The dominant model of ethical lawyering views lawyers as zealous advocates, who do whatever possible within the bounds of the law to serve their client's interests, regardless of what the lawyers themselves think of their client's ends. More recently, however, legal ethics scholars have begun to challenge the hegemony of this model, arguing that ethical lawyering involves not the suspension of moral judgment but the exercise of it. On this alternative "contextual view," lawyers must, as Deborah Rhode puts it, take "personal moral responsibility for the consequences of their professional acts." In developing this alternative model, Rhode and others have focused on the obligations of ethical lawyers. But any complete account of ethical lawyering also needs a theory of moral character. That is, we must ask not only what ethical lawyers do, but what traits of character ethical lawyers possess which make them able to fulfill their moral responsibilities. In this article, I focus on this latter question, and argue that the character traits on which Rhode's contextual model implicitly relies are those commonly associated with people of integrity.

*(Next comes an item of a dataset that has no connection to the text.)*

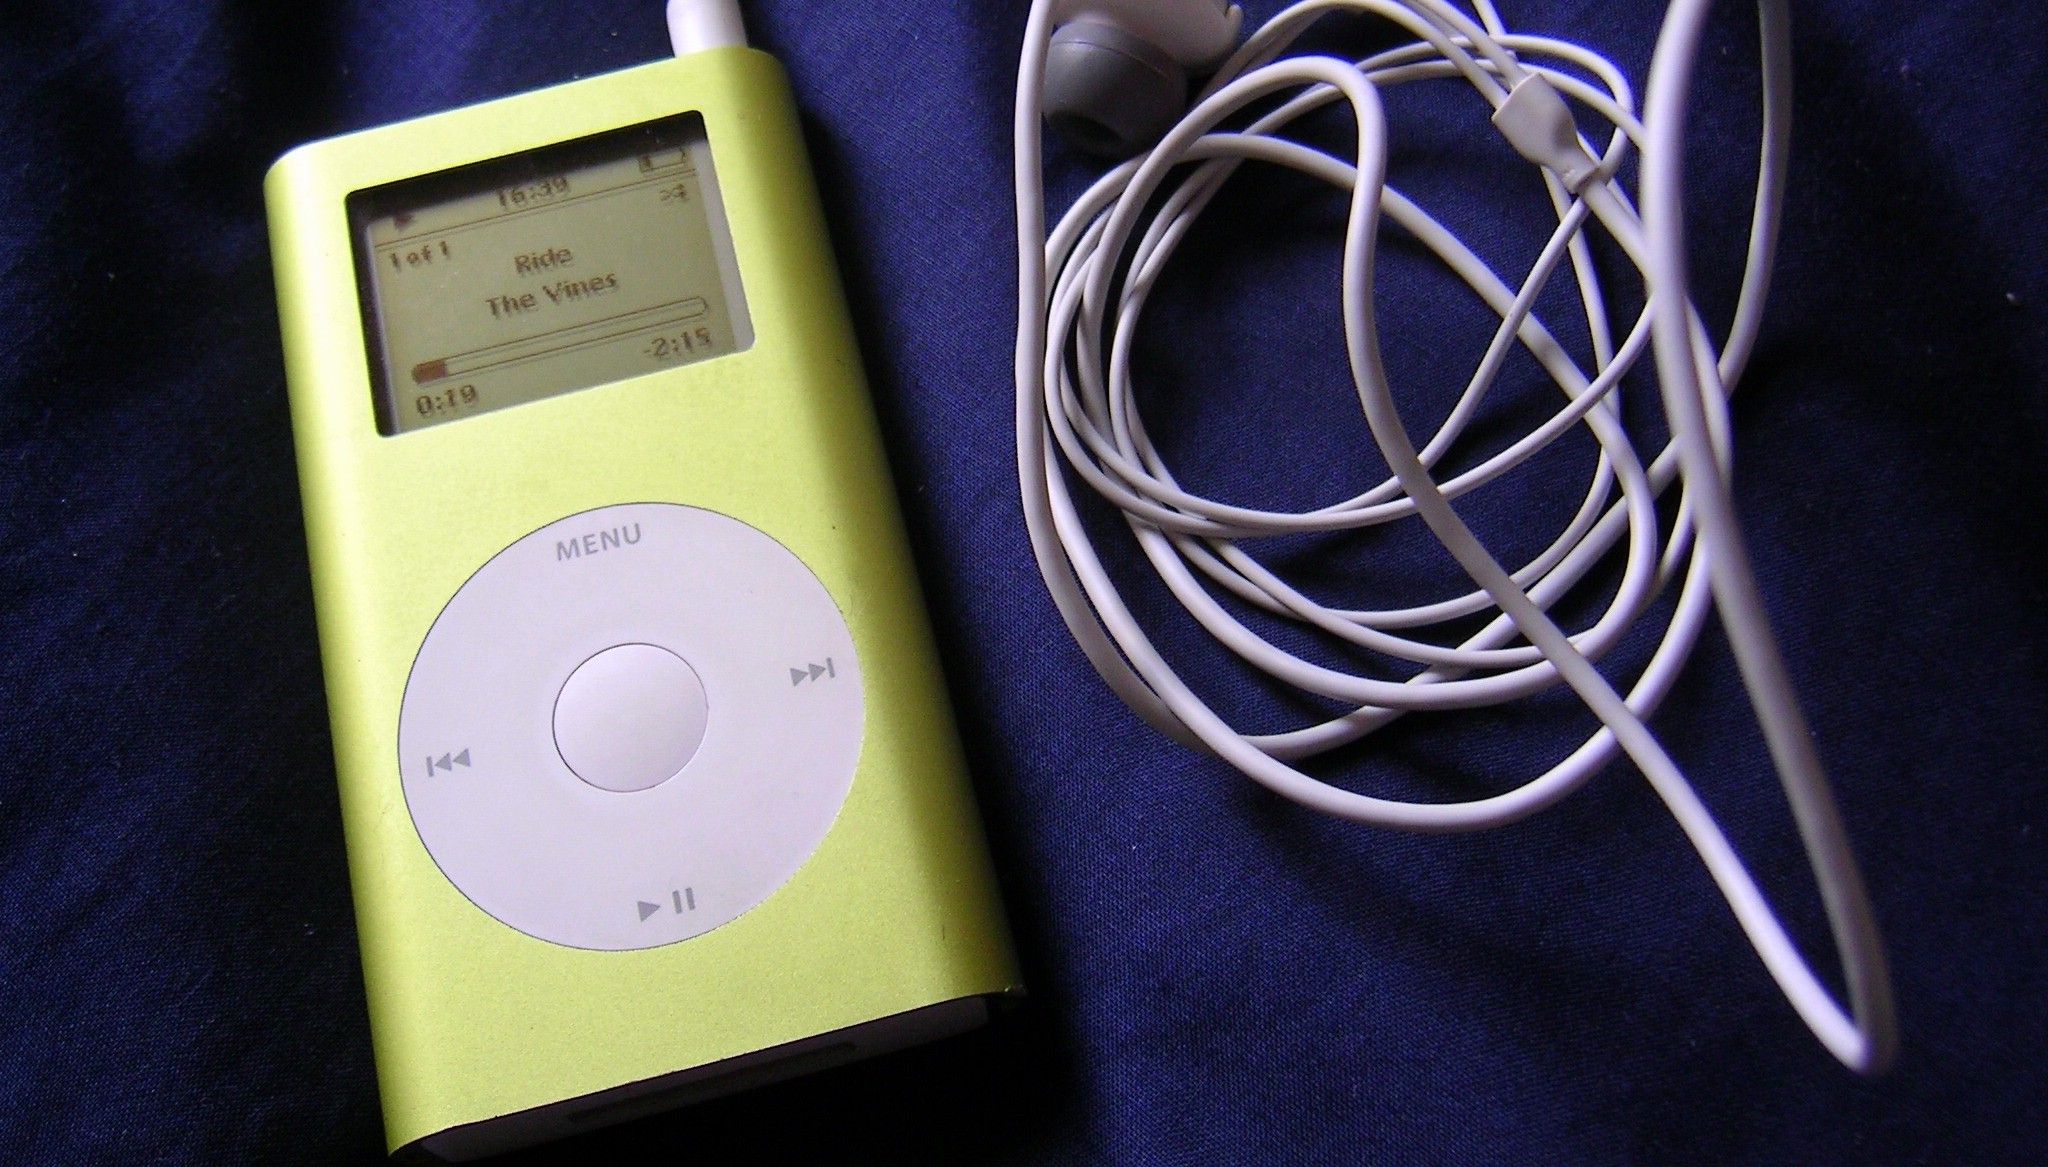 iPod Mini with headphones lies on fabric surface

Part I explores both the standard "zealous advocacy" conception of the lawyer's role and the alternative contextual account Rhode develops in her book In the Interests of Justice: Reforming the Legal Profession. Part II provides a brief philosophical exploration into the moral quality of integrity, then returns to Rhode's account to demonstrate the extent to which Rhode's vision of the ethical lawyer depends on lawyers possessing the character traits that comprise integrity. Finally, Part III explores some implications of this dependence for the legal profession itself. It argues that although basic moral character is to some extent shaped long before lawyers enter practice, the institutional structures and practices of the profession can nonetheless have a significant influence on whether a lawyer's integrity is nurtured or undermined. Part III closes by identifying an incompatibility between ethical lawyering and an undue concern with maximizing profit, and argues that engaging in this latter pursuit may undermine the very qualities of integrity on which ethical lawyering on the contextual model depends for its success.

This article was originally published in 2002 in the Fordham Law Review, as part of a symposium in honor of the publication of Deborah Rhode's book, In the Interests of Justice: Reforming the Legal Profession. A lightly edited version of the piece will be reprinted in Professional Ethics and Personal Integrity, Tim Dare and Brad Wendel, eds.